When the line containing "Edinburgh Ironman 70.3 Race Report" appears in the entries below, begin printing there and stop after the line containing "Madden Girl Frannkie"; print each of those lines exactly and no other line.

**Stored data:**
=======

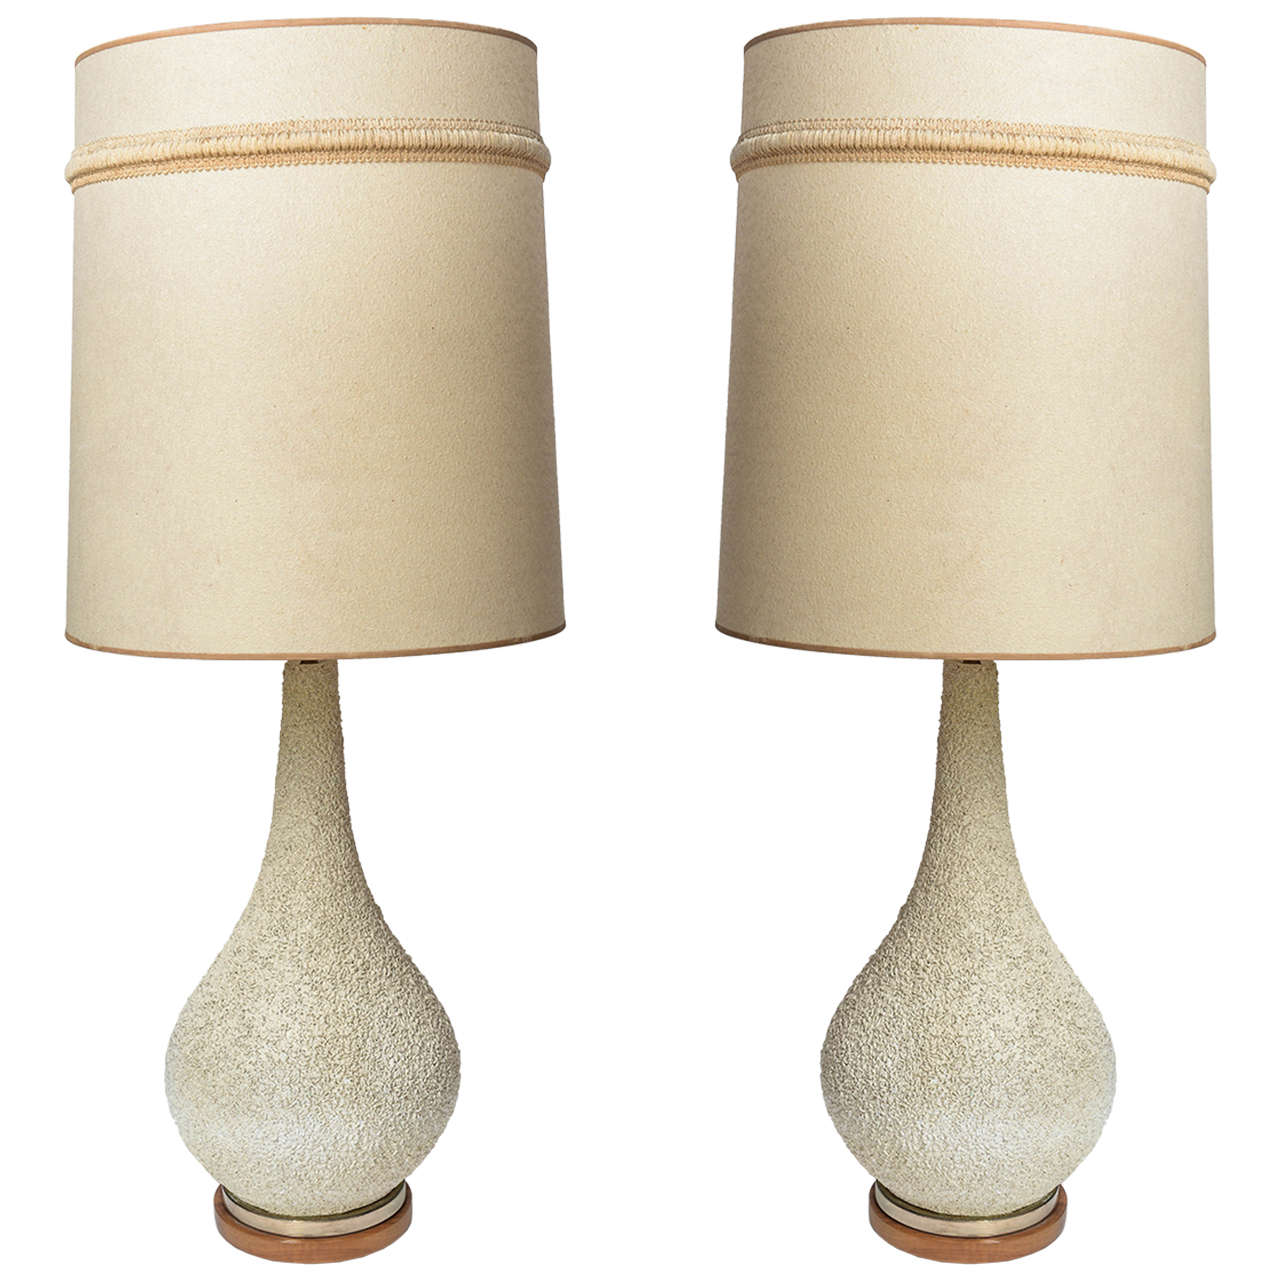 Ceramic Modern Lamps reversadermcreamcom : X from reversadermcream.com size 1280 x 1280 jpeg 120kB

=======

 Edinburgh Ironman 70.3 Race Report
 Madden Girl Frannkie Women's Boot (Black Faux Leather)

=======

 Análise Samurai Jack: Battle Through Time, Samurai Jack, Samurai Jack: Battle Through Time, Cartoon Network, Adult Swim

=======

**Output:**
 Edinburgh Ironman 70.3 Race Report
 Madden Girl Frannkie Women's Boot (Black Faux Leather)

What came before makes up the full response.